Search code examples
cfor-looploop-unrolling

Nested Loop Unrolling in C


I want to optimize my code by using unrolling loop. I tried to apply unrolling but I think I cannot do it and I cannot see my problem. I want to apply unrolling loop to outer loop.

This loops do transpose of matrix.

This is my loop to apply unrolling loop:

void transpose(int dim, int *src, int *dst) {
    for (i = 0; i < dim; i++)
        for (j = 0; j < dim; j++)
            dst[j * dim + i] = src[i * dim + j];
}

This is my unrolling loop:

void transpose(int dim, int *src, int *dst) {
    int i = 0, j = 0, dimi = 0, dimj = 0, tempi = 0;

    for (i = 0; i < dim; i += 8) {
        for (j = 0; j < dim; j++) {
            dimj = j * dim + i;
            dimi = i * dim + j;
            dst[dimj] = src[dimi];

            tempi = i + 1;
            if (tempi < dim) {
                dimj = j * dim + tempi;
                dimi = tempi * dim + j;
                dst[dimj] = src[dimi];

                tempi += 1;
                if (tempi < dim) {
                    dimj = j * dim + tempi;
                    dimi = tempi * dim + j;
                    dst[dimj] = src[dimi];

                    tempi += 1;
                    if (tempi < dim) {
                        dimj = j * dim + tempi;
                        dimi = tempi * dim + j;
                        dst[dimj] = src[dimi];

                        tempi += 1;
                        if (tempi < dim) {
                            dimj = j * dim + tempi;
                            dimi = tempi * dim + j;
                            dst[dimj] = src[dimi];

                            tempi += 1;
                            if (tempi < dim) {
                                dimj = j * dim + tempi;
                                dimi = tempi * dim + j;
                                dst[dimj] = src[dimi];

                                tempi += 1;
                                if (tempi < dim) {
                                    dimj = j * dim + tempi;
                                    dimi = tempi * dim + j;
                                    dst[dimj] = src[dimi];

                                    tempi += 1;
                                    if (tempi < dim) {
                                        dimj = j * dim + tempi;
                                        dimi = tempi * dim + j;
                                        dst[dimj] = src[dimi];
                                    }
                                }
                            }
                        }
                    }
                }
            }
        }
    }
}

Solution

  • I'm not sure what the error in your current code is but here is another approach.

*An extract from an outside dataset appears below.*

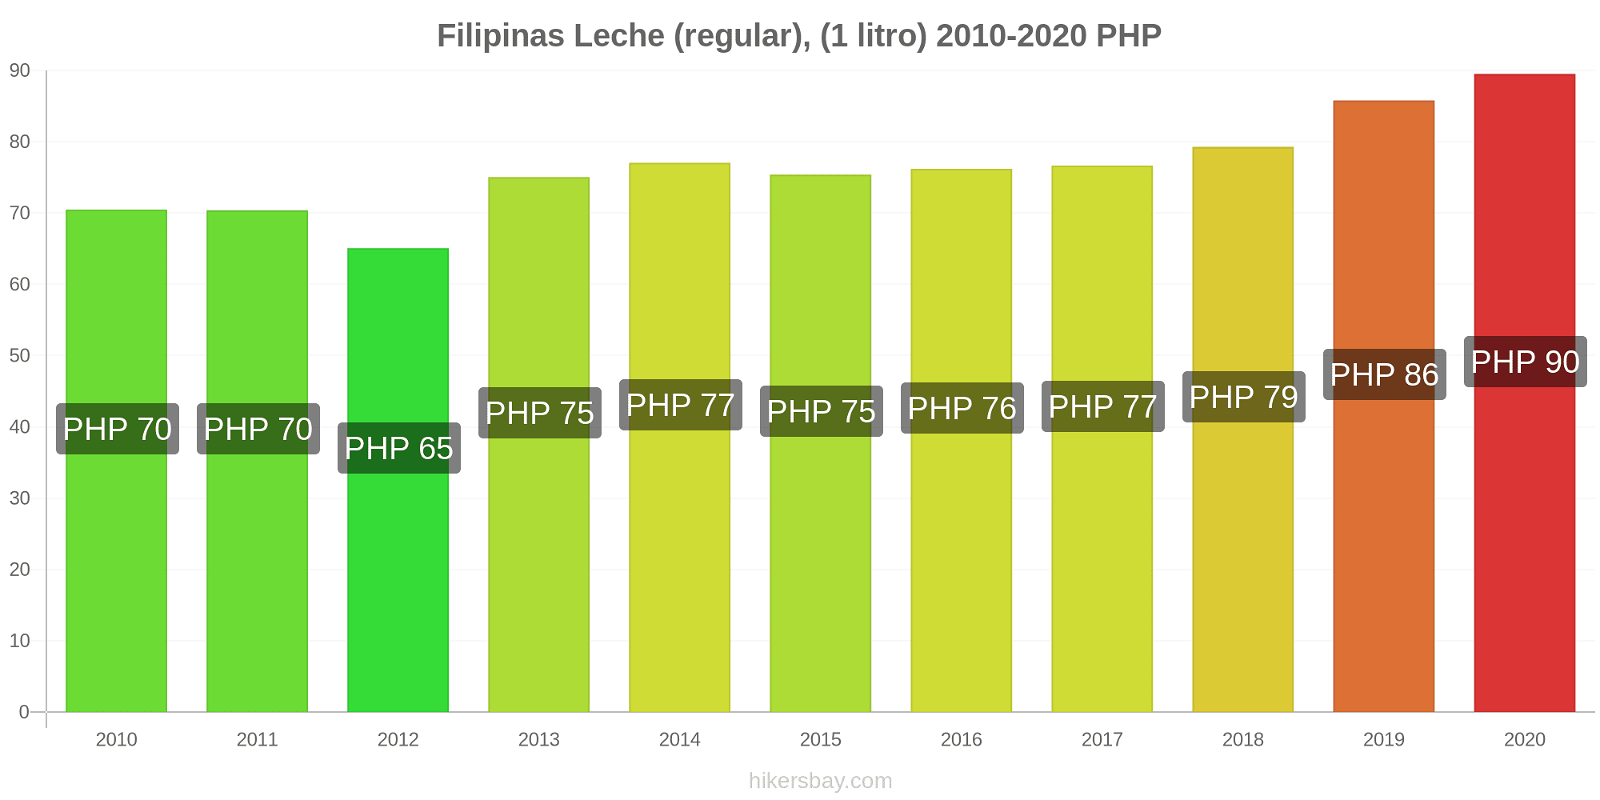 Filipinas cambios de precios Leche (Regular), (1 litro) hikersbay.com

    void transpose(int dim, int *src, int *dst) {
        int i, j;
    
        for (i = 0; i <= dim-8; i += 8)
        {
            for (j = 0; j < dim; j++)
            {
                    dst[j * dim + (i+0)] = src[(i+0) * dim + j];
                    dst[j * dim + (i+1)] = src[(i+1) * dim + j];
                    dst[j * dim + (i+2)] = src[(i+2) * dim + j];
                    dst[j * dim + (i+3)] = src[(i+3) * dim + j];
                    dst[j * dim + (i+4)] = src[(i+4) * dim + j];
                    dst[j * dim + (i+5)] = src[(i+5) * dim + j];
                    dst[j * dim + (i+6)] = src[(i+6) * dim + j];
                    dst[j * dim + (i+7)] = src[(i+7) * dim + j];
            }
        }
    
        // Use the normal loop for any remaining elements   
        for (; i < dim; i++)
            for (j = 0; j < dim; j++)
                dst[j * dim + i] = src[i * dim + j];
    }
    

    Notice: The number of multiplication can be reduced by introducing a variable like:

    int jdim = j * dim + i;
    dst[jdim + 0] = ...
    dst[jdim + 1] = ...
    ...
    dst[jdim + 7] = ...
    

    and likewise for the RHS.